KUALA LUMPUR: Malaysian palm oil futures rose to their highest close in almost three weekson Wednesday after rising for five straight sessions, supported by stronger soyoil prices.
The benchmark palm oil contract for January delivery on the Bursa Malaysia Derivatives Exchange gained 17 ringgit, or 0.4%, to 4,226 ringgit ($1,018.80) a metric ton at the close.
The contract rose in line with soybean oil but concerns about November demand and the strength of the ringgit capped the gains, said Paramalingam Supramaniam, director at Selangor-based brokerage Pelindung Bestari.
“Until more is known about the demand in November, which does not look good from initial figures, the upper side will remain capped,” Supramaniam said.

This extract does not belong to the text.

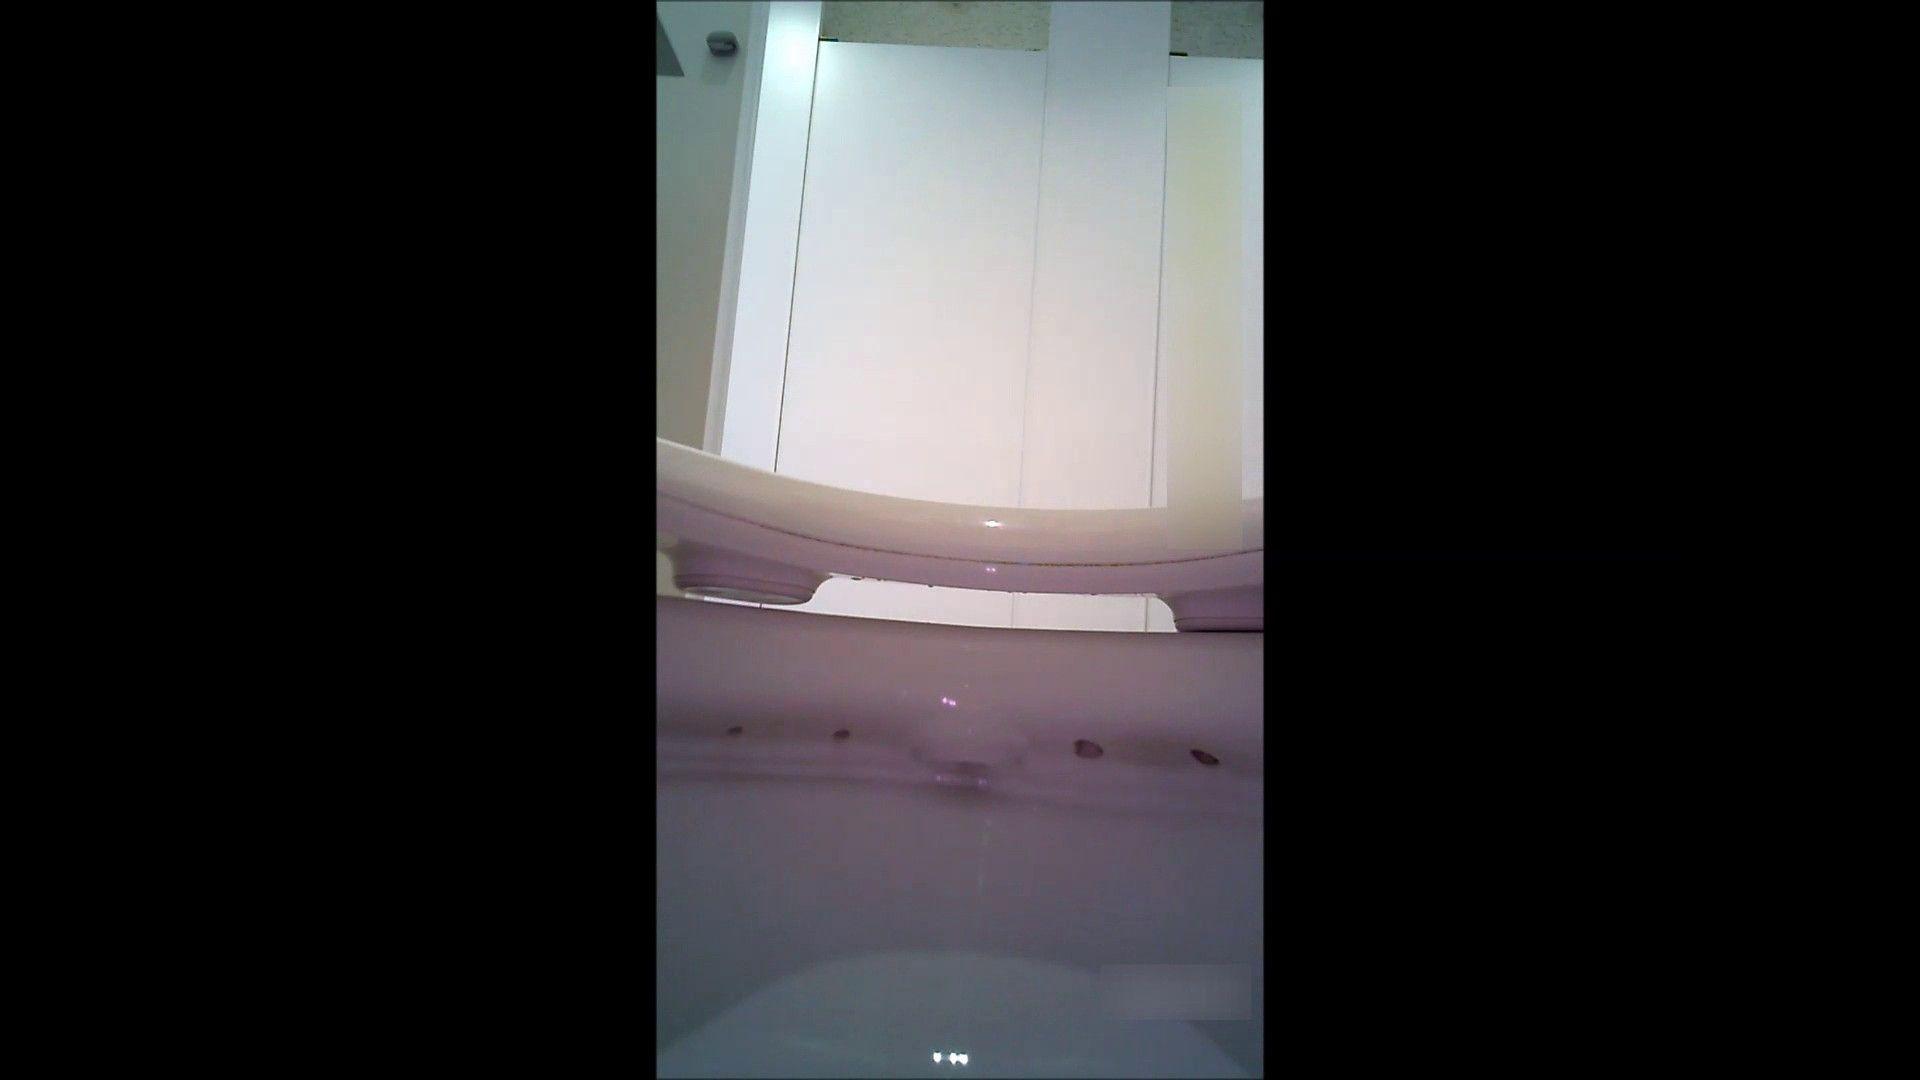 キレカワ女子大生の秘密の洗面所!Vol.051 バックショット のぞき濡れ場動画紹介 94pic 62

Dalian’s most-active soyoil contract rose 0.6%, while its palm oil contract added 1.89%. Soyoil prices on the Chicago Board of Trade were up 0.08%.
Palm oil tracks price movements of rival edible oils, as it competes for a share of the global vegetable oils market.
The ringgit palm’s currency of trade, strengthened 0.29% against the dollar, making the commodity slightly more expensive for buyers holding foreign currencies.
Oil prices fell slightly as an industry report showed higher crude inventories in the U.S., reinforcing concerns about oversupply, though price declines were limited by a tighter fuel market because of attacks against Russian oil infrastructure.
Weaker crude oil futures make palm a less attractive option for biodiesel feedstock.
European Union soybean imports for the 2025/26 season, which began in July, reached 4.40 million metric tons by November 16, down 16% from the same period a year earlier, while palm oil imports fell 18% to 1.08 million tons, data published by the European Commission showed.